Over the past year or so, I've been implementing an AX.25 Connected Mode Convergence Layer for the DTN2 reference implementation of the Delay Tolerant Networking Research Group's Bundling Protocol.
Since I first posted in the Linux Hams mailing list about these efforts last April, I've been in contact with John, EI7IG, who's recently been trying out this code and has succeeded in sending bundles through the ether at 1200bps on 2m.
It works, but it doesn't work properly. There are two persistent bugs that I've so far been unable to sort out. Still, we've managed to string together a veritable hodge-podge of devices, using three different convergence layers (AX.25, Bluetooth and TCP) and have even had DtnMail running across this "het-net".
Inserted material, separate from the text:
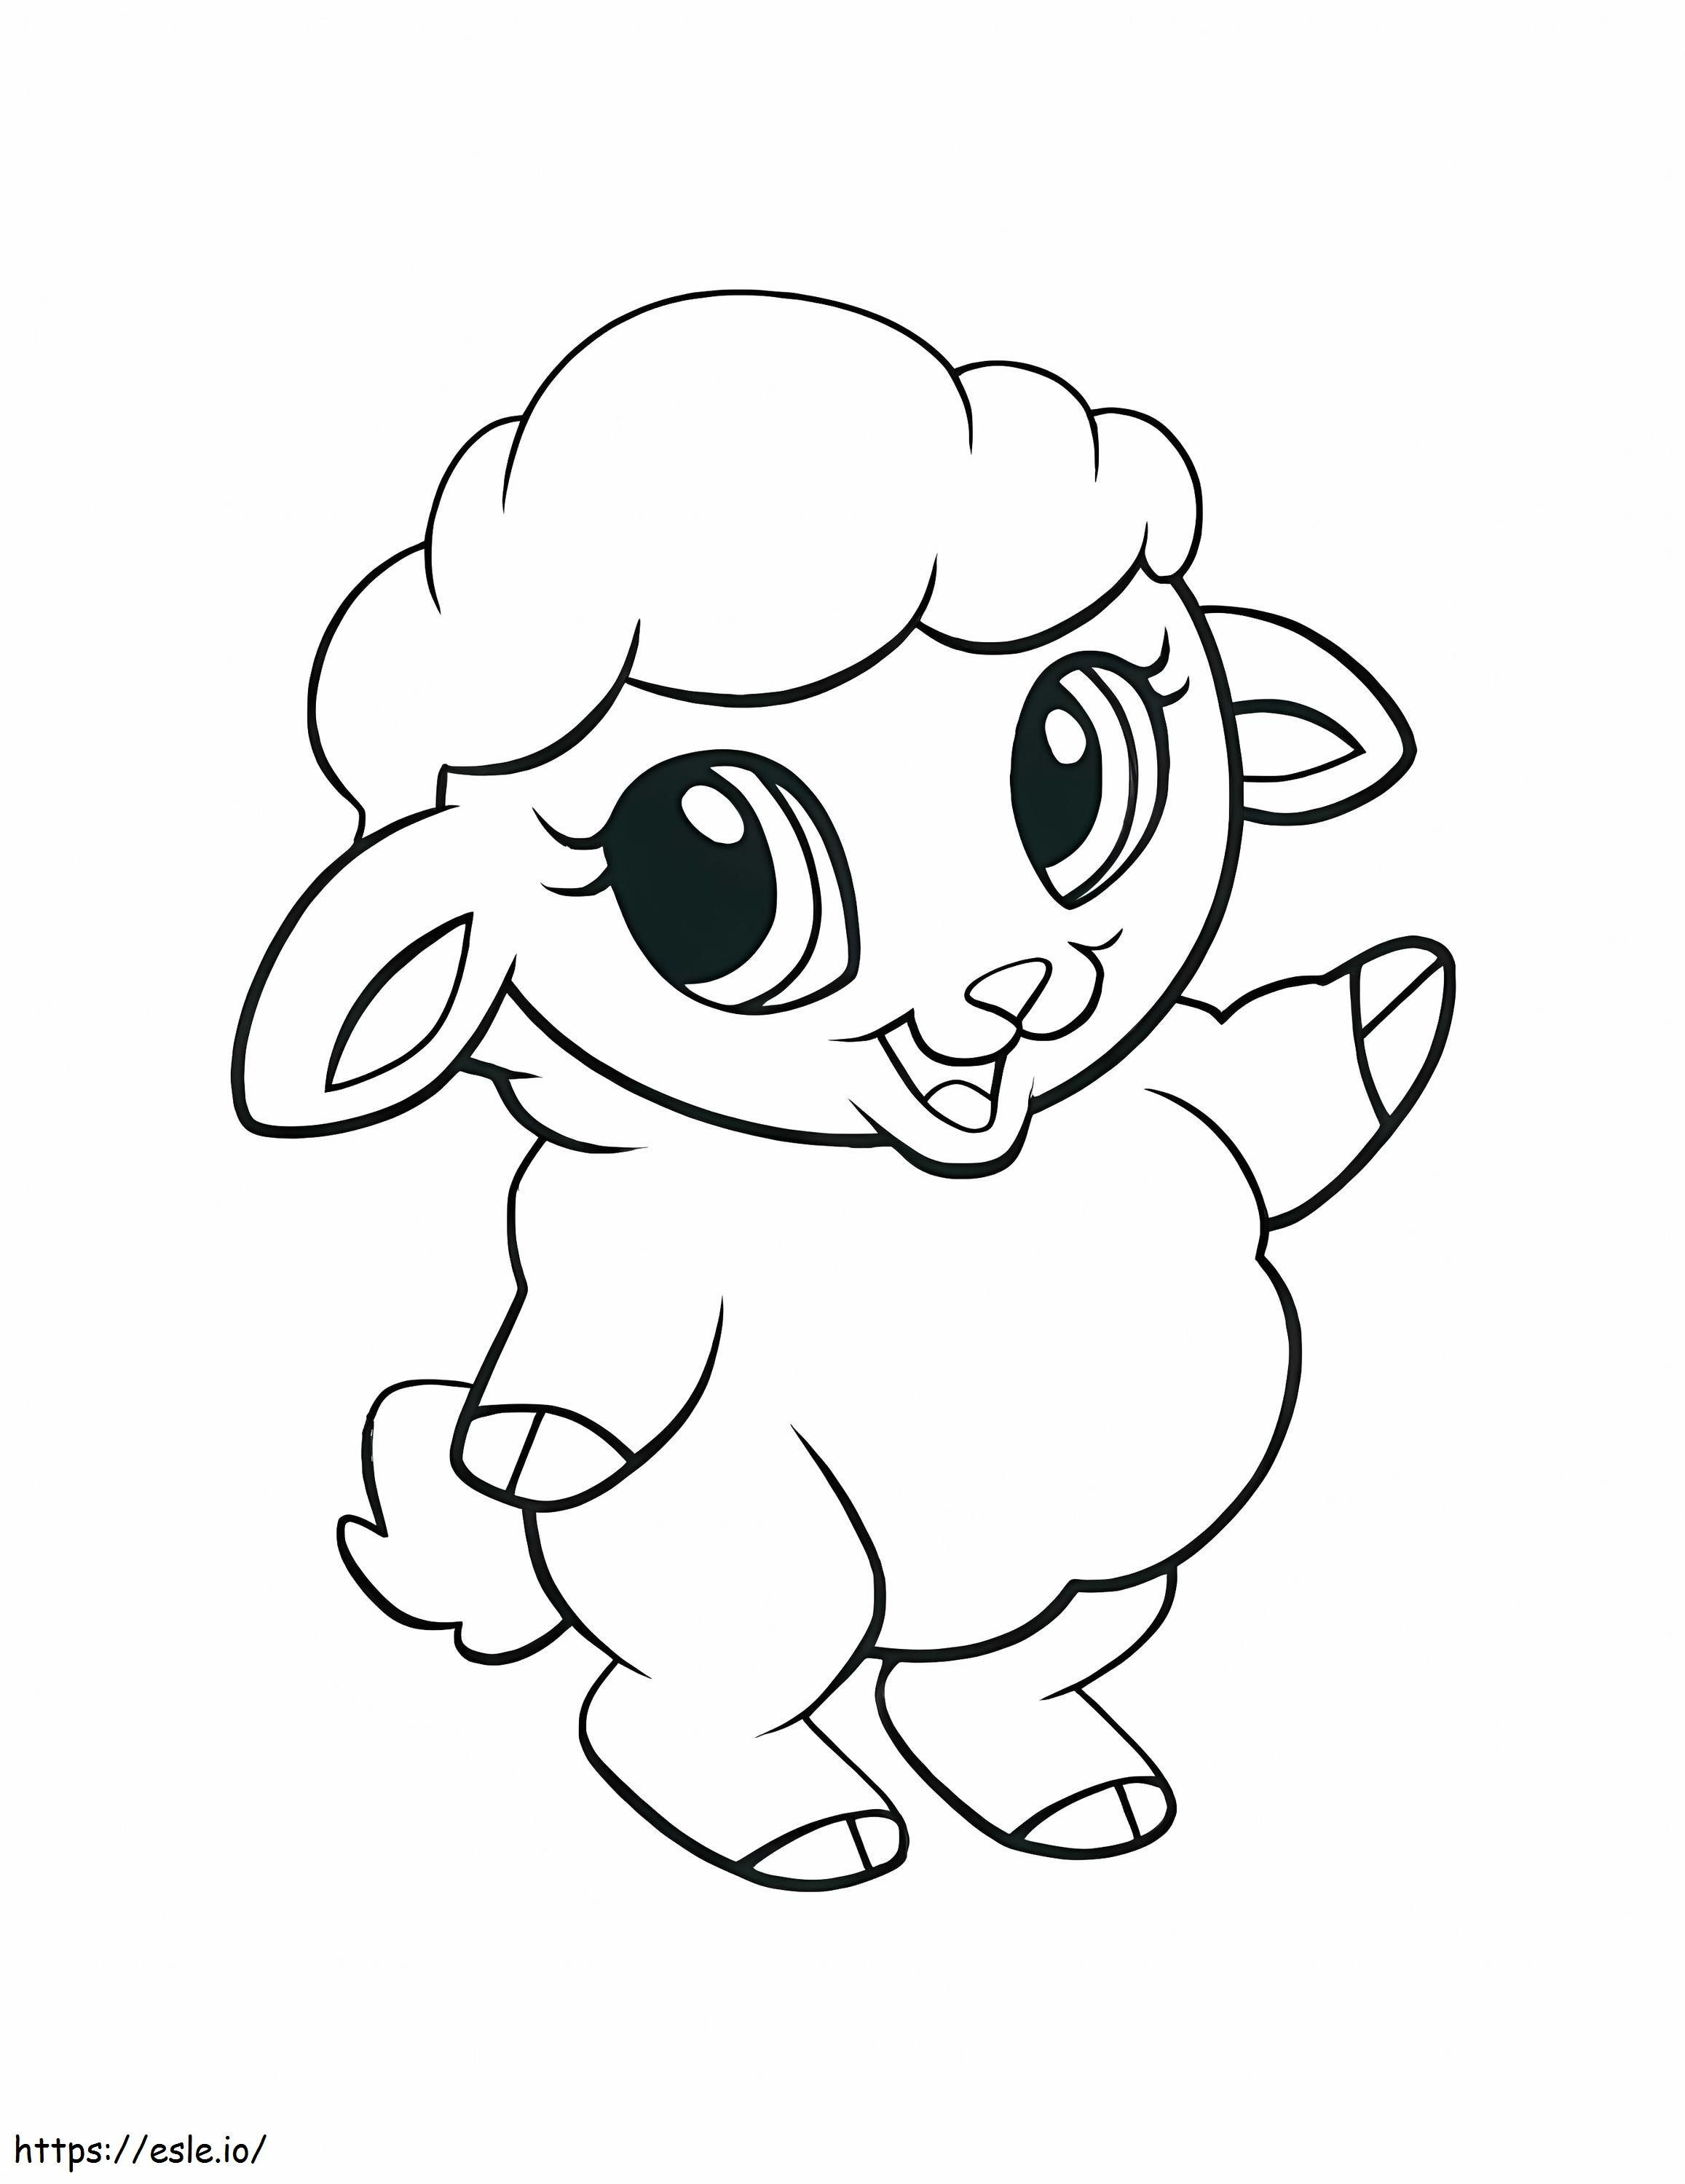 Kawaii Mouton coloring page

I've been getting jealous though, of John's success. You see, I've been testing the AX.25 Convergence Layer using an old PK-232 TNC running in KISS mode, with a loop-back cable. This morning, I decided to send my own bundles through my own ether. By this I mean the ether in my house. All I needed was an AX.25 connection from my MacBook Pro through my TH-D7E in my living room via one of the radios in the shack to my Ubuntu box upstairs.
The complicated bit in all of this is that I needed to use KISS mode on the D7. Now I've heard that KISS on the D7 is frightful, so I decided to google around and discover how bad it really is. I found posts that discussed the different revisions of the D7 and the bugs they manifested. I concluded that if I reduced the AX.25 window to one, and stuck to 1200bps link rate, I should be OK.
I decided to leave my TM-D700A and PK-232 out of the test setup, so I configured soundmodem to run on the Ubuntu box in the shack and hooked it up through the Tigertronics Signalink to my FT-817 with its rubber duck antenna. This meant that I could run a low power AX.25 link over 2m or 70cm to the D7 downstairs.
So I set up a Gutsy Gibbon virtual machine under VmWare Fusion on my MacBook Pro, installed libax25 and all the bits, installed the build tools, the mercurial source code management system, cloned the repository from my Ubuntu box with the experimental AX.25 code, built the code and sat down to test out the link.
With the D7 in Packet mode, it worked fine. With my D700 temporarily taken from APRS duties and pushed into service as a mailbox, the D7 connected happily. However, when I put the D7 into KISS mode and attempted to repeat the exercise with the call program, the D7 ignored all received packets and forwarded nothing over the serial link into the host's KISS implementation. Now, this was unexpected. I googled and googled and found no references to a problem with a D7 that wouldn't receive anything in KISS mode. I reset the D7 to factory defaults and tried again. I rebooted the Ubuntu VM. I monitored the link between the D7 and the D700 with the FT-817 and its soundmodem interface. Sure enough, the D7 was transmitting the SABM's and the D700 was replying with UAs, but the D7 steadfastly refused to pass anything on up via its KISS mode interface, even though I could hear the sound of healthy packets emanating from its loudspeaker. With the D7 out of KISS mode, APRS and connections to the D700's mailbox work fine, but KISS receive is as dead as a dodo.
Now, I don't expect anyone to actually comment here, but if anyone posts any suggestions as to what I could try next, or points out the obvious futility of my efforts, then I'll be grateful. Meanwhile, I'll be trying to come up with another cunning plan to get some sort of KISS mode link connection that's more interesting than a cable with some wires twisted together without having to dismantle the shack completely.